Cake artist thrives on challenges
McCOOK, Neb. — For most people, making a cake means a mix, some frosting and maybe some candles. For specialty cake artist Kasha Messersmith of Omaha, Neb., formerly of McCook, Neb., it can mean dry ice, nuts and bolts, even flashing lights.
For her recent 10-year McCook High School reunion, she made a cake sculpted into the school mascot, a bison, with jaw-dropping, realistic details. Pictures of the cake caused a frenzy on social media, with so many comments and “shares” that she was frozen out of using her apps for a while.
“I couldn’t figure out what was going on,” she said.
The cake took 30 hours to make and started with a plywood base, she said, and then for the frame, small rods with nuts and bolts. The curly-headed bison was made out of modeling chocolate, similar in texture to modeling clay, along with buttercream frosting and for the horns, fondant, or edible icing. Inside, the cake was tinted red and white, the school’s colors, giving the look of red meat and marbling. Once completed, Messersmith said the bison looked pretty good pawing at the ground, then thought, ‘how can I get steam out of his nose?’
“I had a mad scientist moment,” she said, and using small tubing threaded up through one of the legs, “steam” from dry ice puffed out from his nostrils.
Figuring out challenges in a design is her favorite part about being a cake artist, Messersmith said. “I thrive on it,” she said. “I like to find different ways to do things, play around and push boundaries.”
So virtually nothing is off the table when it comes to a cake. A recent wedding cake order included the request for the couple’s dogs to be included in some way, so using a picture provided, Messersmith created two tiny golden retrievers, made out of frosting, poking their heads out from the bottom layer. Another order came from a woman who wanted a birthday cake for her husband and said he liked Starbucks, golfing, old movies and the L.A. Dodgers. Messersmith designed a three-dimensional cake with all of the requested elements: a strip of 35-millimeter film, draped over a Starbucks coffee cup with the Dodgers logo, set into a golf green next to a golf ball.
She said her first design was in high school when she brought Nike shoes made out of cake to an art club meeting. “At the time I thought it looked pretty good, but now looking back, it’s pretty rough,” she laughed. But it sparked something inside her and during college, she continued to work on cakes while pursuing her degree in graphic design. “I’d mess around with different cakes and watch how the professionals did them,” she said.
After graduating, she began spending more time on her cakes, making them for parties and get-togethers with friends. The reaction she got was encouraging and now, Messersmith takes orders off her Facebook page, Kasha’s Cakes. She also works part-time as a server as the flexible hours gives her more time for designing.

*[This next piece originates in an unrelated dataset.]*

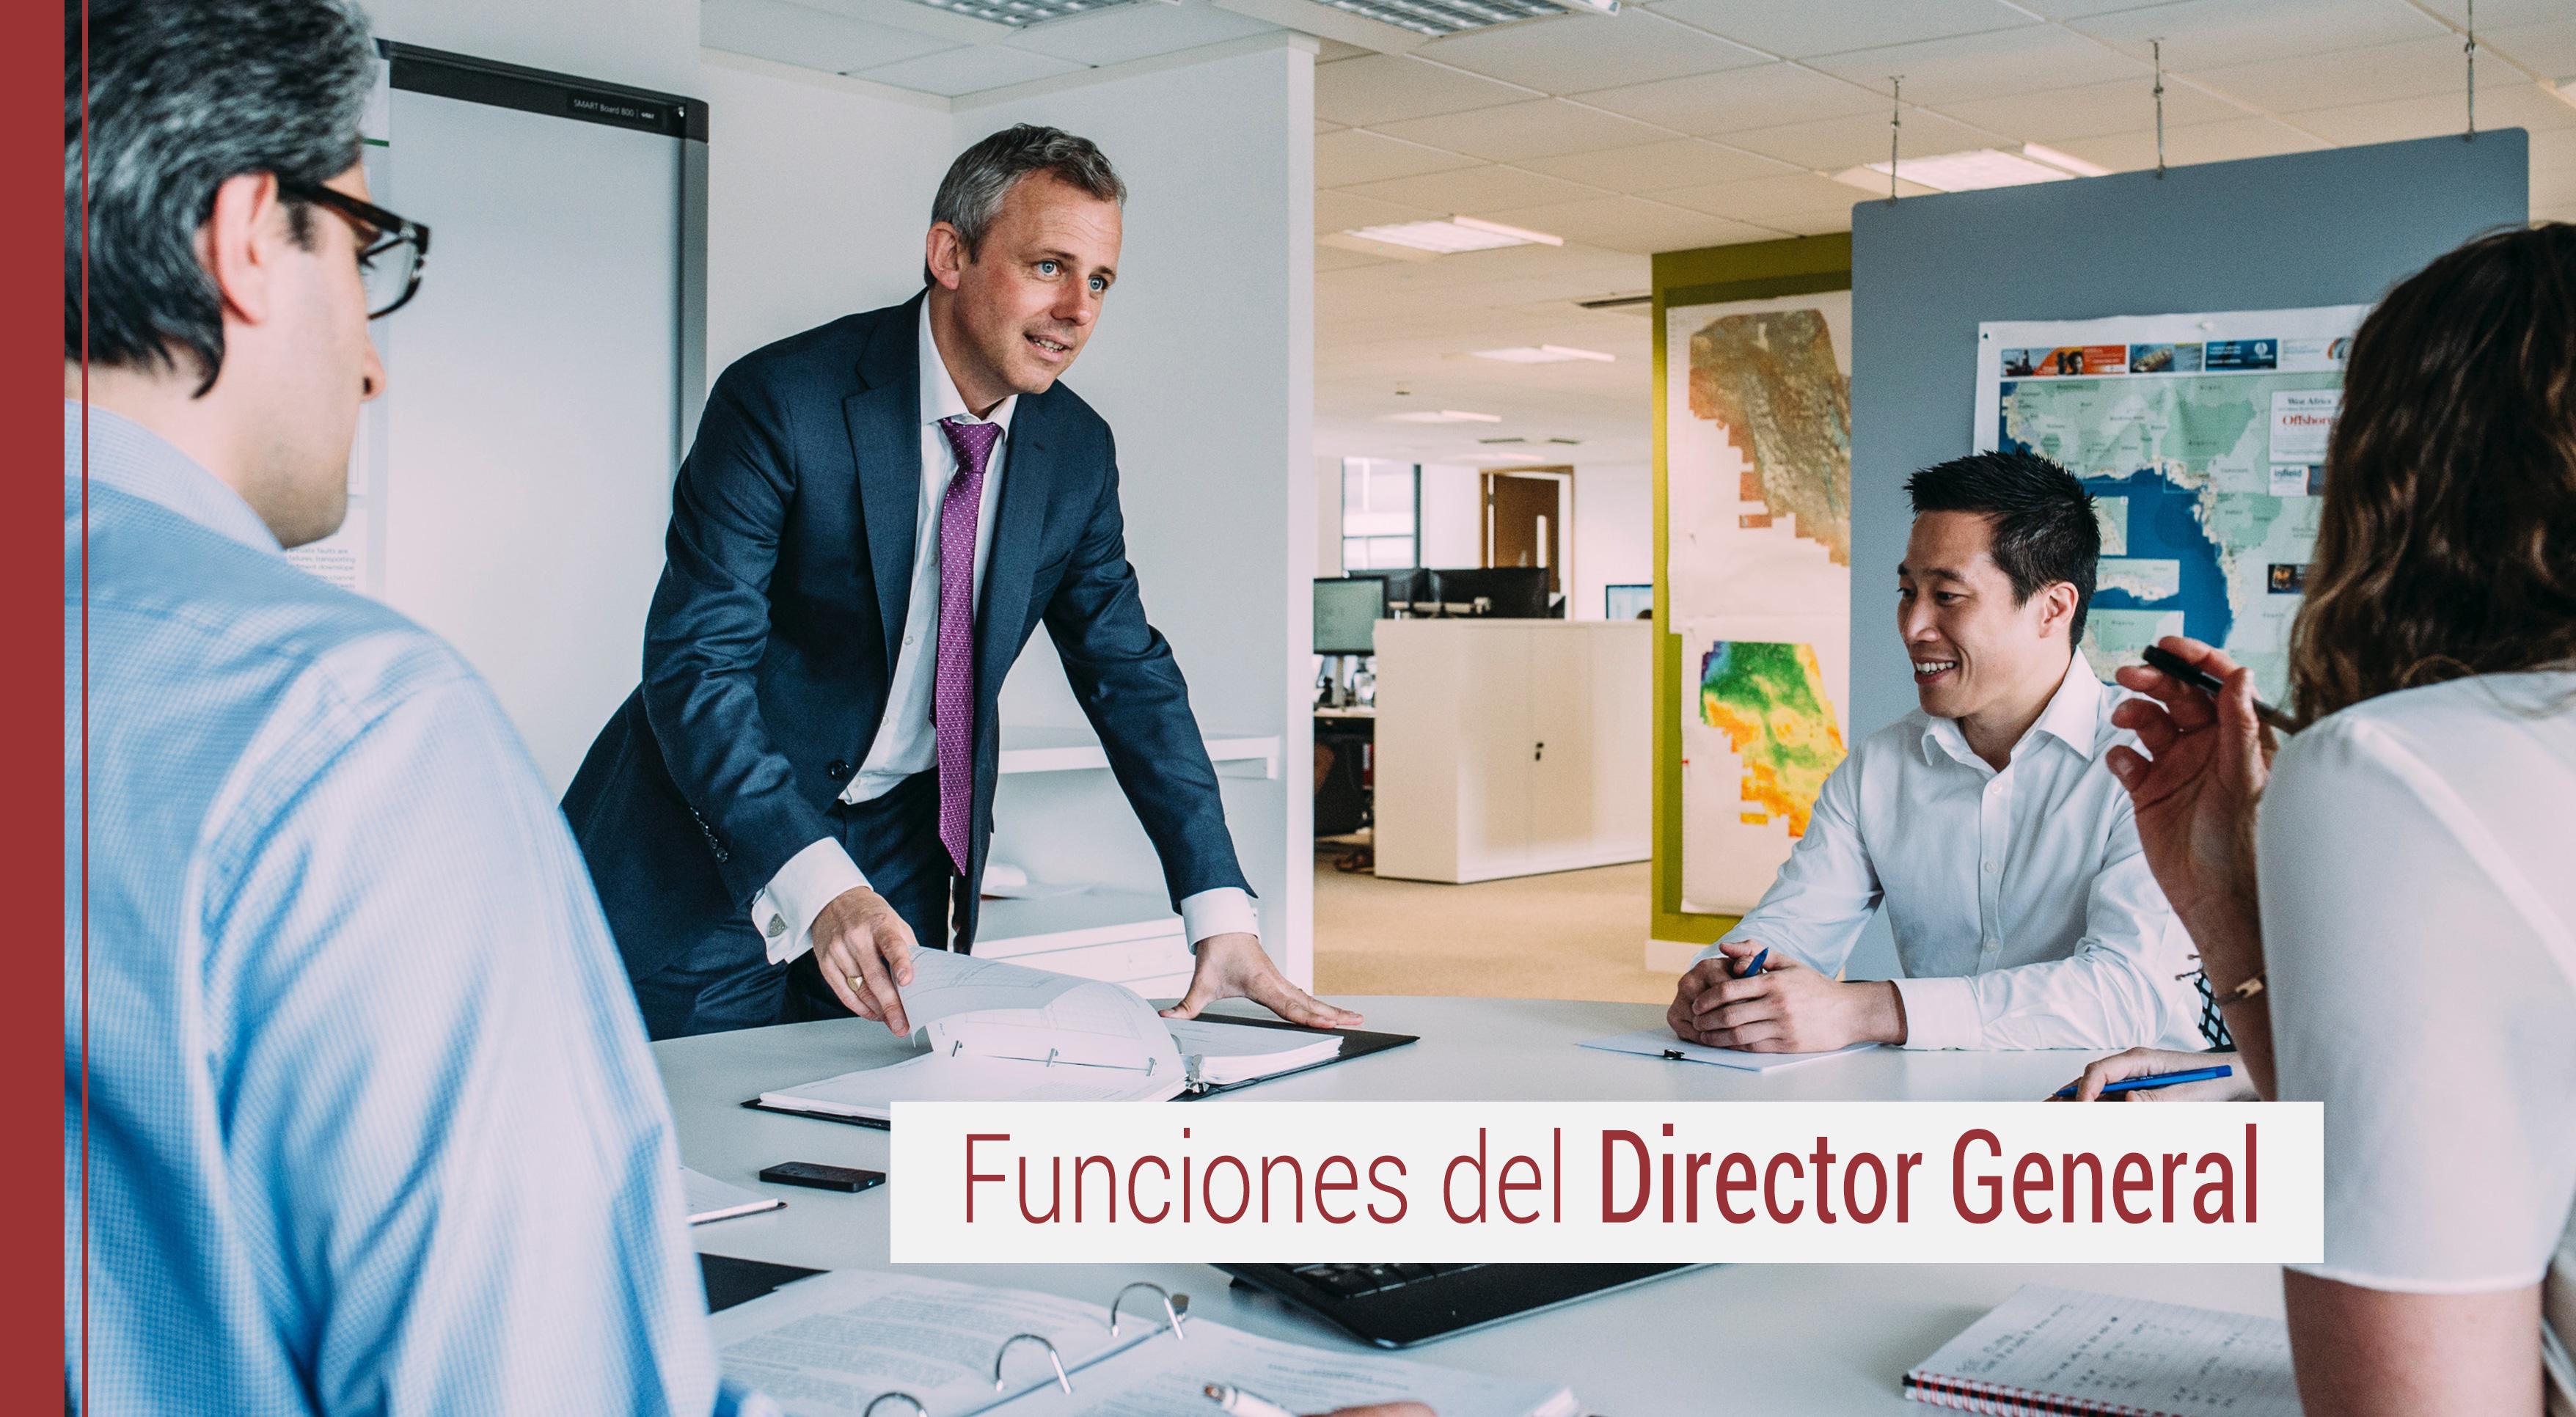 principales-funciones-director-general-de-empresa 5 funciones principales del Director General de una empresa

Her cakes run the gamut from traditional to wild, including those she’s made shaped like a police car with flashing lights, a pirate ship at sea wrapped in giant octopus arms, even realistic hot dogs and hamburgers cooking over a grill. She also does cupcakes and specials for holidays, like strawberries dipped in chocolate placed inside a milk chocolate high heel shoe.
After spending all those hours on the smallest of details, does she feel a twinge of regret when her work is cut up and eaten? Not at all, Messersmith said. “The joy and incredible reactions I see from people definitely makes it all worthwhile,” she said.